--- WHAT TO PRODUCE ---
Transcribe exactly, and only, the lines running from the one that contains "offbeat fall holidays" through the last line of the material. No pictures.

--- GIVEN INFORMATION ---

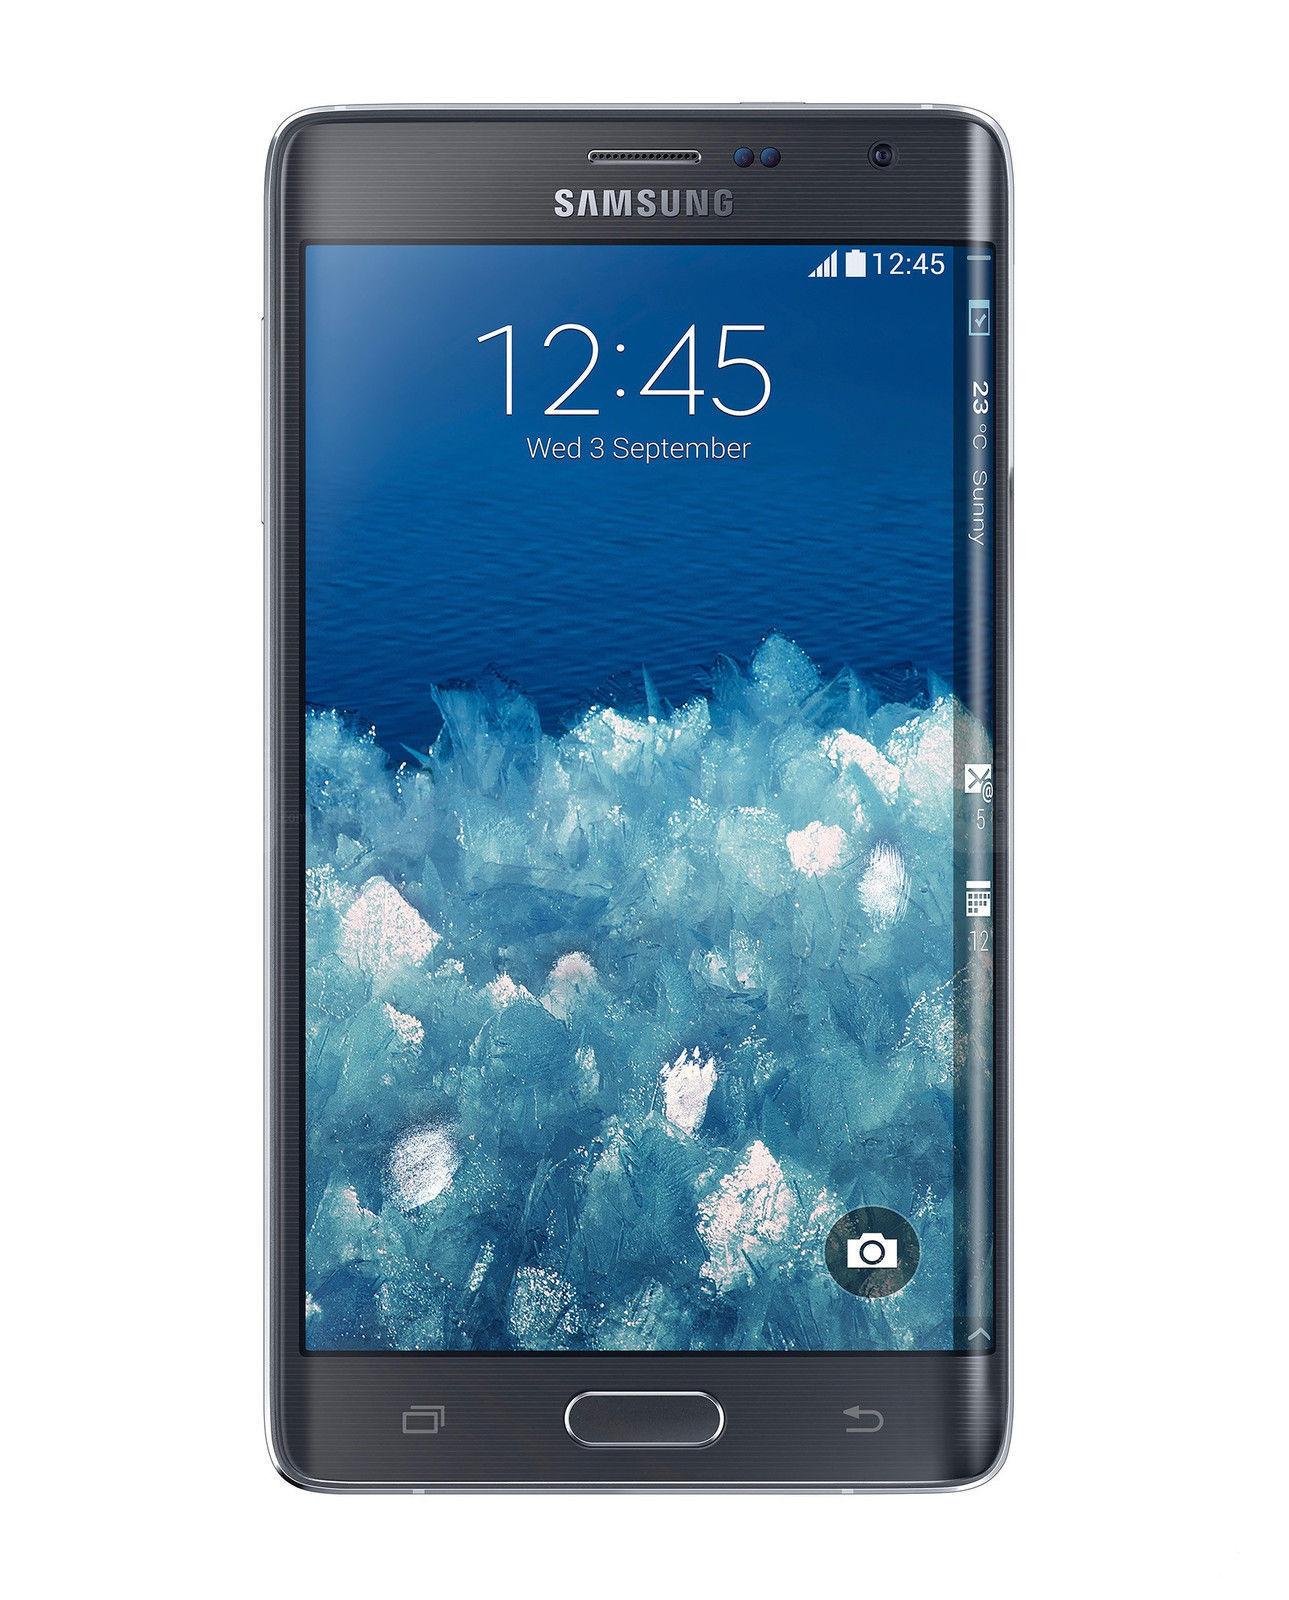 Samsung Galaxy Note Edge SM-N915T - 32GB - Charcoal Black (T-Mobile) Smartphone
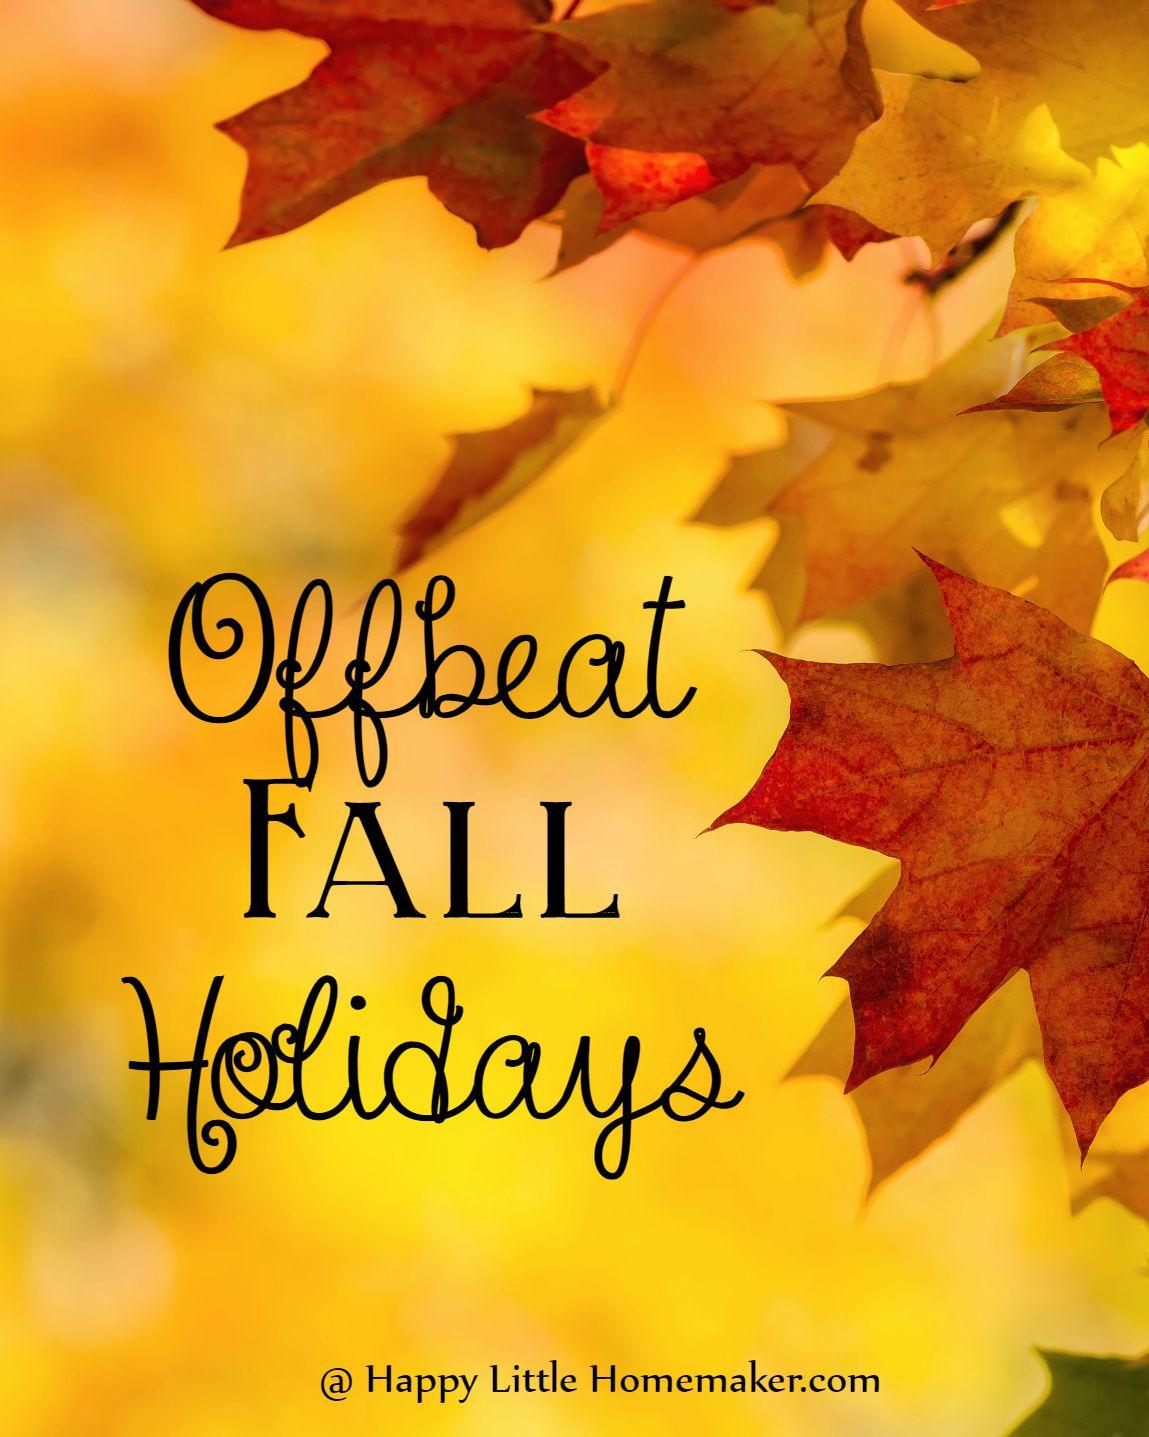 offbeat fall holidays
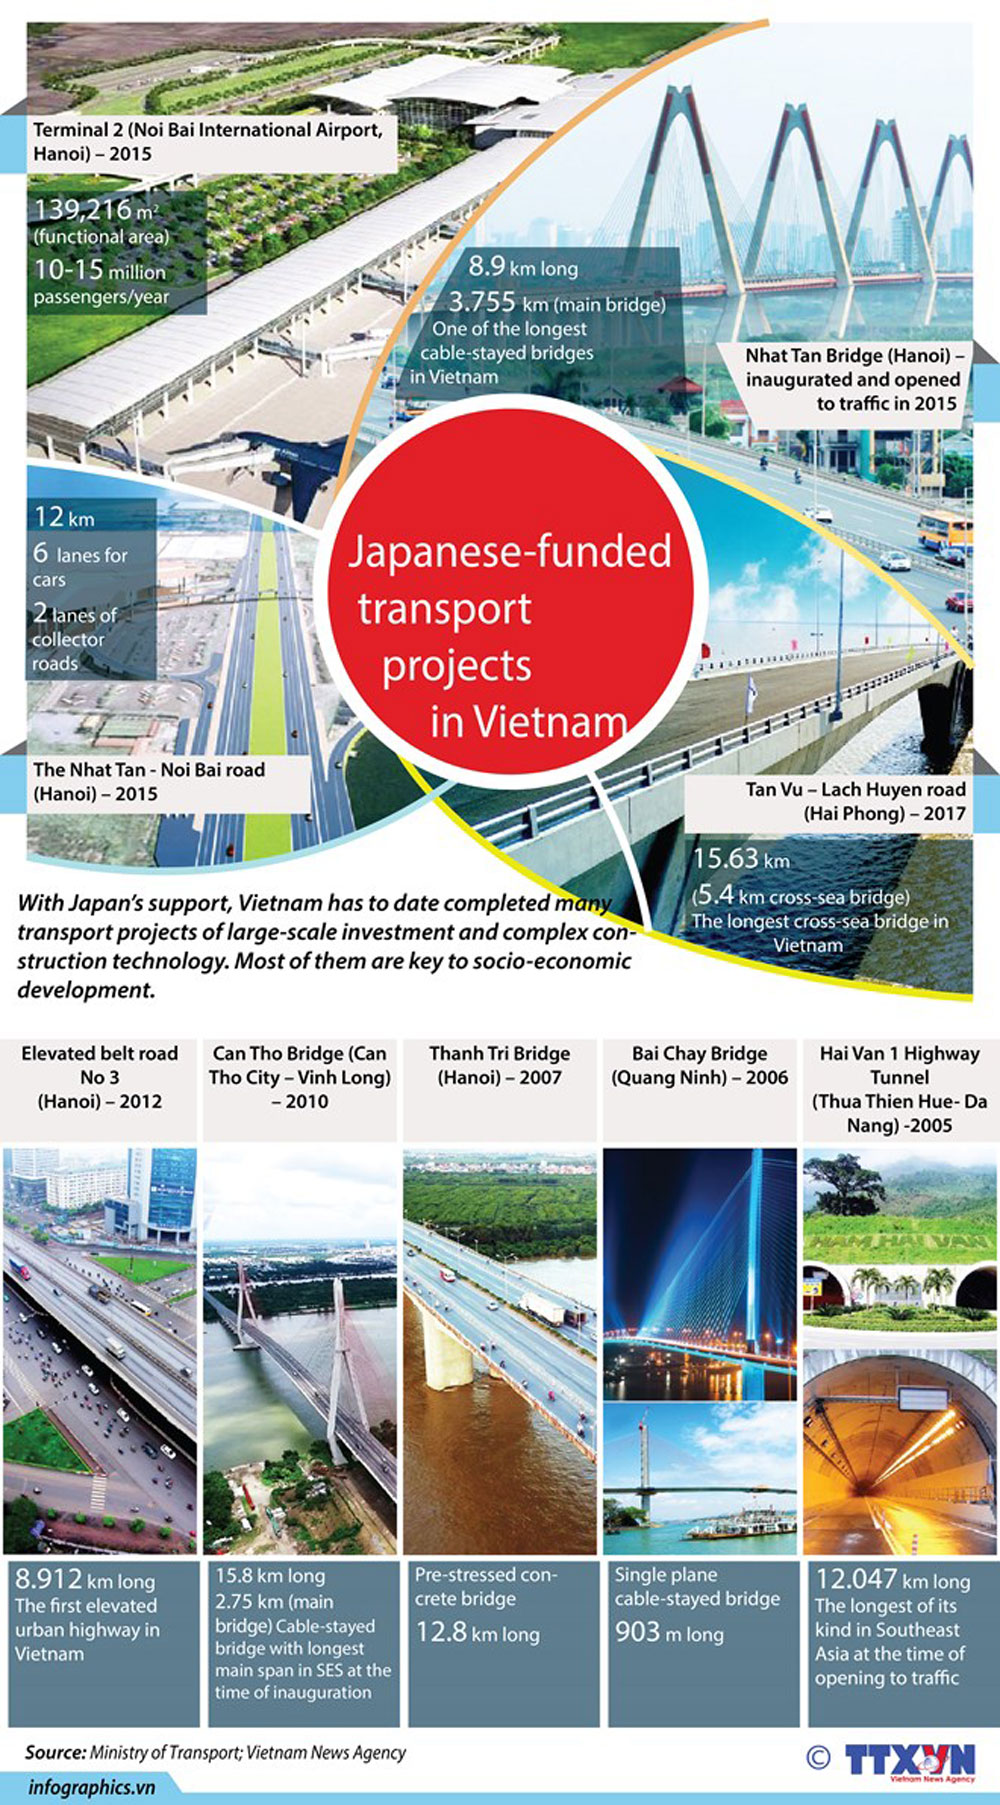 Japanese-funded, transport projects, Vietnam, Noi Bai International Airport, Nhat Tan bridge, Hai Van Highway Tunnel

--- COMPLETED TASK ---
 offbeat fall holidays
 Japanese-funded, transport projects, Vietnam, Noi Bai International Airport, Nhat Tan bridge, Hai Van Highway Tunnel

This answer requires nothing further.